3. La contribution nette du logement aux finances publiques

Il découle de cette comptabilité publique, consultable par tous, que contrairement à la petite musique jouée à l’Élysée, le secteur du logement est un contributeur net positif aux finances publiques.

Mieux encore, cette contribution a été multipliée par 4 depuis 2010 pour atteindre 52 milliards d’euros en 2021. Incapable de se cacher ou de s’exiler, le logement est devenu la parfaite vache à lait fiscale ! En cela, Bercy s’inspire du Directoire qui avait introduit en 1798 un impôt sur les portes et les fenêtres qui resta en vigueur jusqu’en 1926.

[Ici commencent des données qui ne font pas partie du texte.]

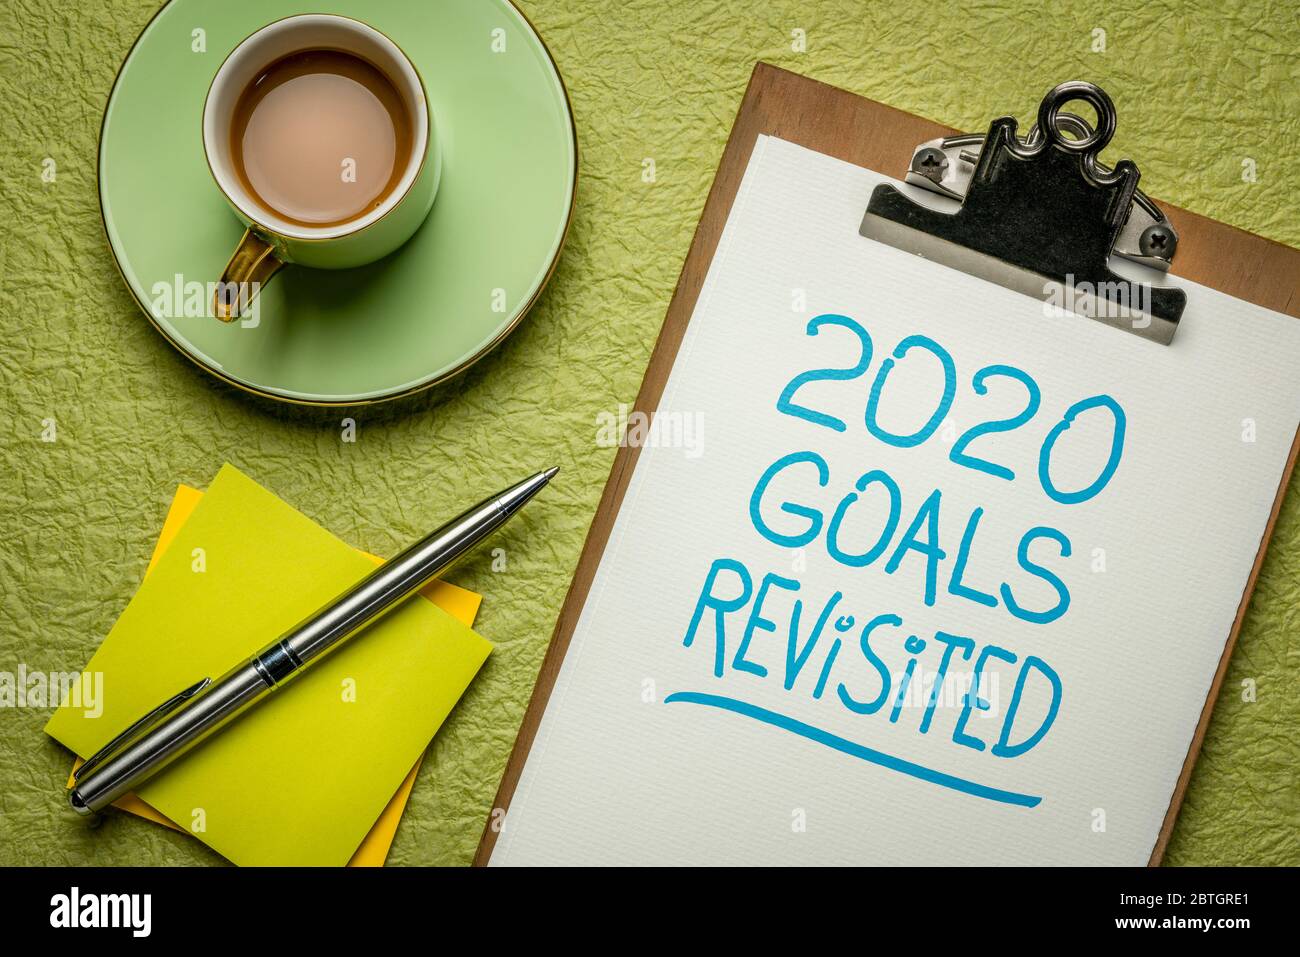 2020 obiettivi rivisitati - cambiamento di business e piani personali per la pandemia coronavirus e recessione economica, calligrafia in un clipboard con caffè Foto Stock

Ainsi, les taxes prélevées sur les propriétaires, au-delà de financer le parc de logements sociaux et les aides au logement, ont permis en 2021 de réduire notre colossal déficit public d’un quart.

Mais ces ponctions ne sont pas une martingale. Elles renchérissent considérablement l’accès à la propriété et constituent un frein à la mobilité des Français. Elles sont aussi un boulet au pied d’un secteur économique qui contribue pour 11% dans le Produit Intérieur Brut et emploie 2,3 millions de personnes.